Mas assim que a senhora Lovato empunhou, mancando, o microfone; vestida com uma jaqueta de motoqueiro e calça preta justa, ela superou a timidez e tensão, seus lábios escuros brotando em um sorriso deslumbrante.
“Me sinto ótima,” ela gritava para o público, divertidamente chutando o ar com seu pé machucado, antes de entoar sua canção do topo das paradas, “Give Your Heart a Break.” “Estou pronta pra arrasar!”
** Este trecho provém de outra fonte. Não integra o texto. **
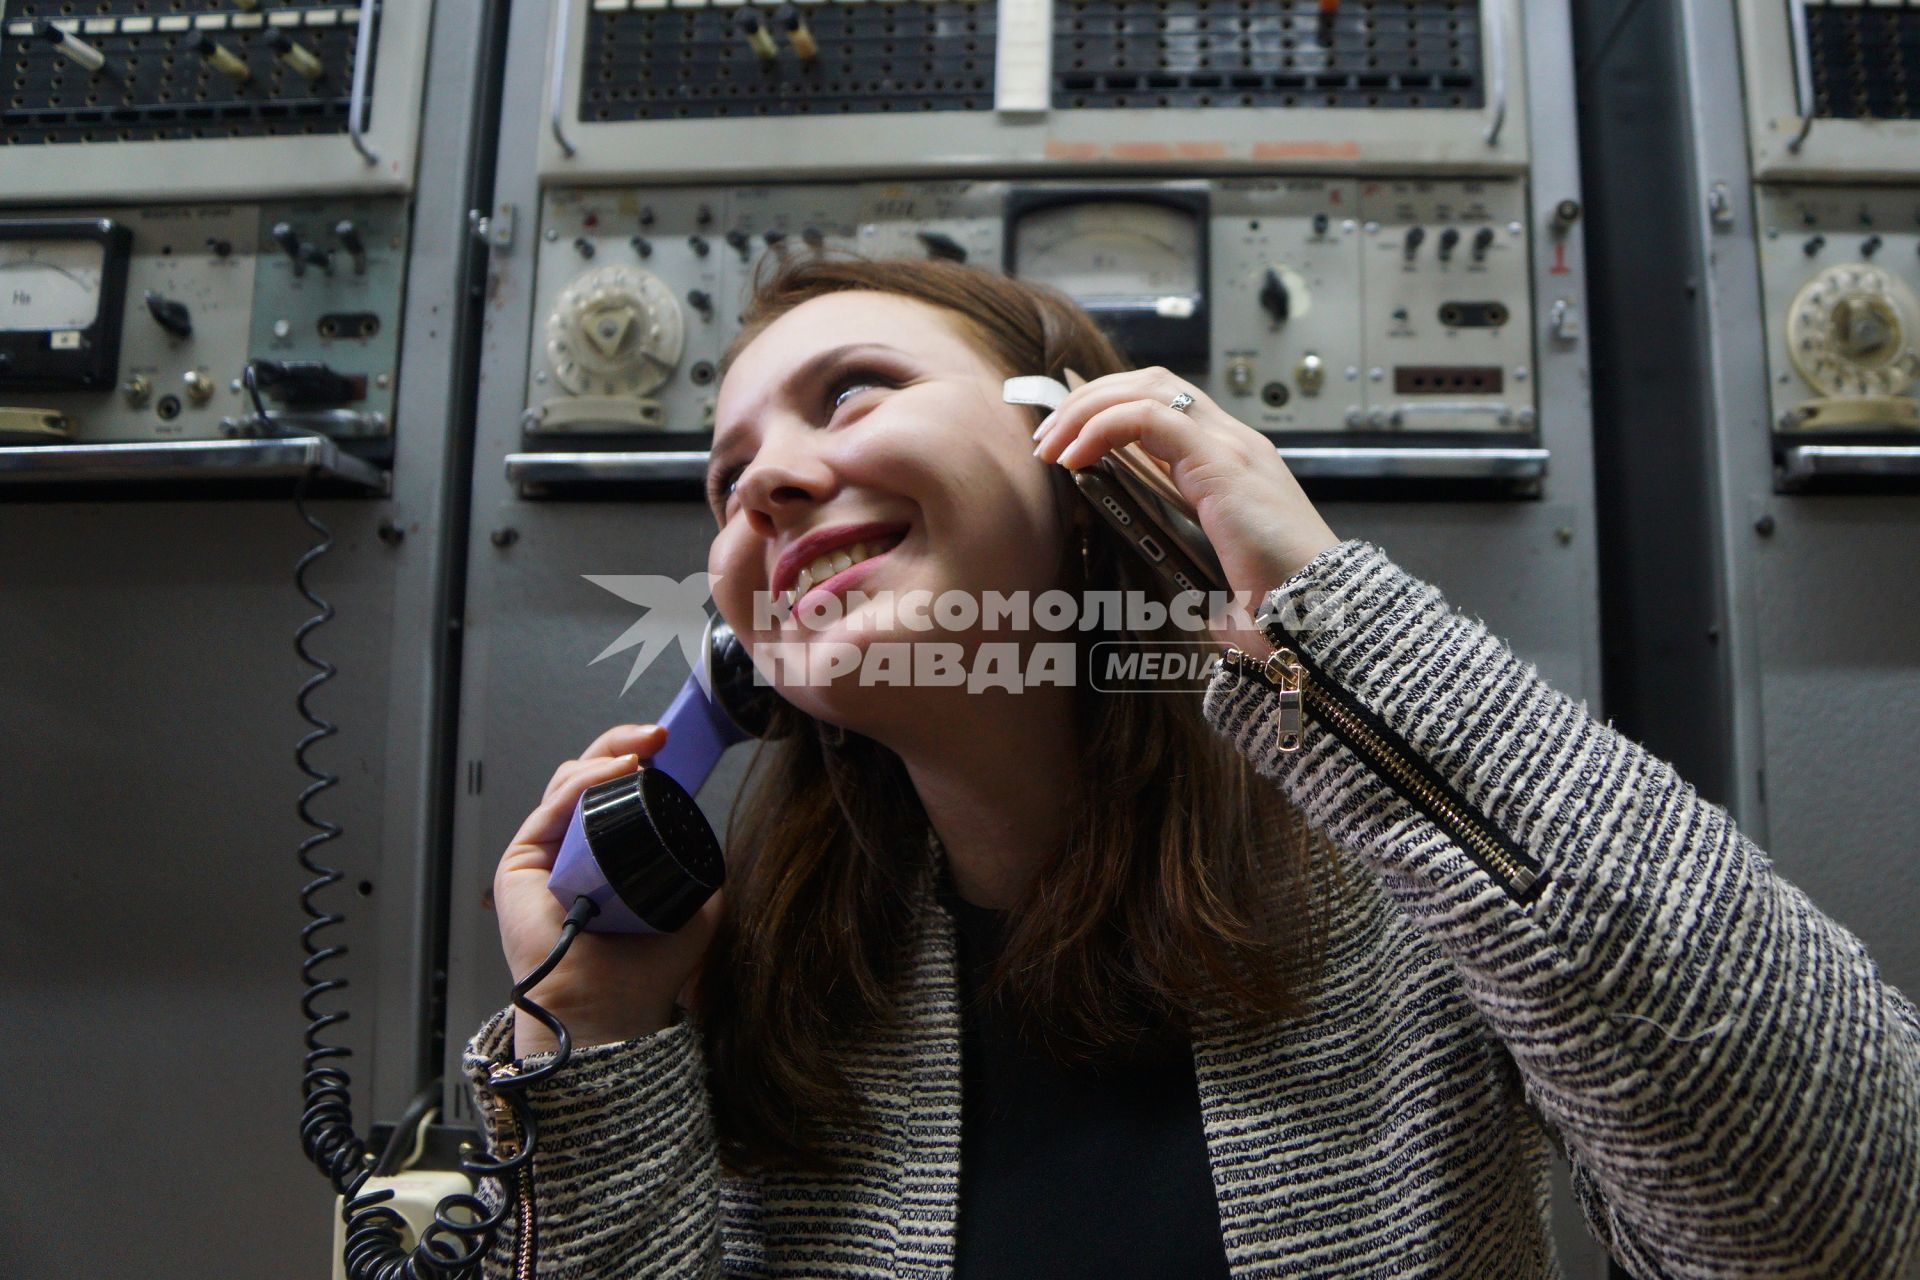 Екатеринбург. Девушка с мобильным телефоном и телефонной трубкой аналоговой телефонной станции \'Ростелеком\'

Abraçar e aceitar os momentos pelo que eles são se tornou uma característica peculiar de Lovato, 20 anos; algo que a ajudou a voltar para os holofotes após uma drástica e repentina queda (no final de 2010, ela entrou em reabilitação por problemas relacionados a um transtorno alimentar e automutilação) que colocou sua carreira – que havia entrado em ascensão no Disney Channel – em pausa.
Ao invés de aderir ao livro pronto de Hollywood e dispensar ou amenizar os fatos, Lovato expôs abertamente seus problemas, twittando aos seus 12 milhões de seguidores sobre ter passado a véspera de Ano Novo na clínica, e conversando com Katie Couric sobre se sentir gorda quando ainda usava fraldas.
Ao invés de manchar sua imagem, essas revelações honestas parecem tê-la reforçado. Ela está em negociações para voltar a ser jurada na próxima temporada do reality show musical “The X Factor” da Fox. Ela foi, plausivelmente, o destaque do programa no último inverno. E sua nova canção, “Heart Attack,” manteve a primeira posição nas vendas do iTunes em sua primeira semana de lançamento. Alguns críticos a comparam à estrela do American Idol, Kelly Clarkson.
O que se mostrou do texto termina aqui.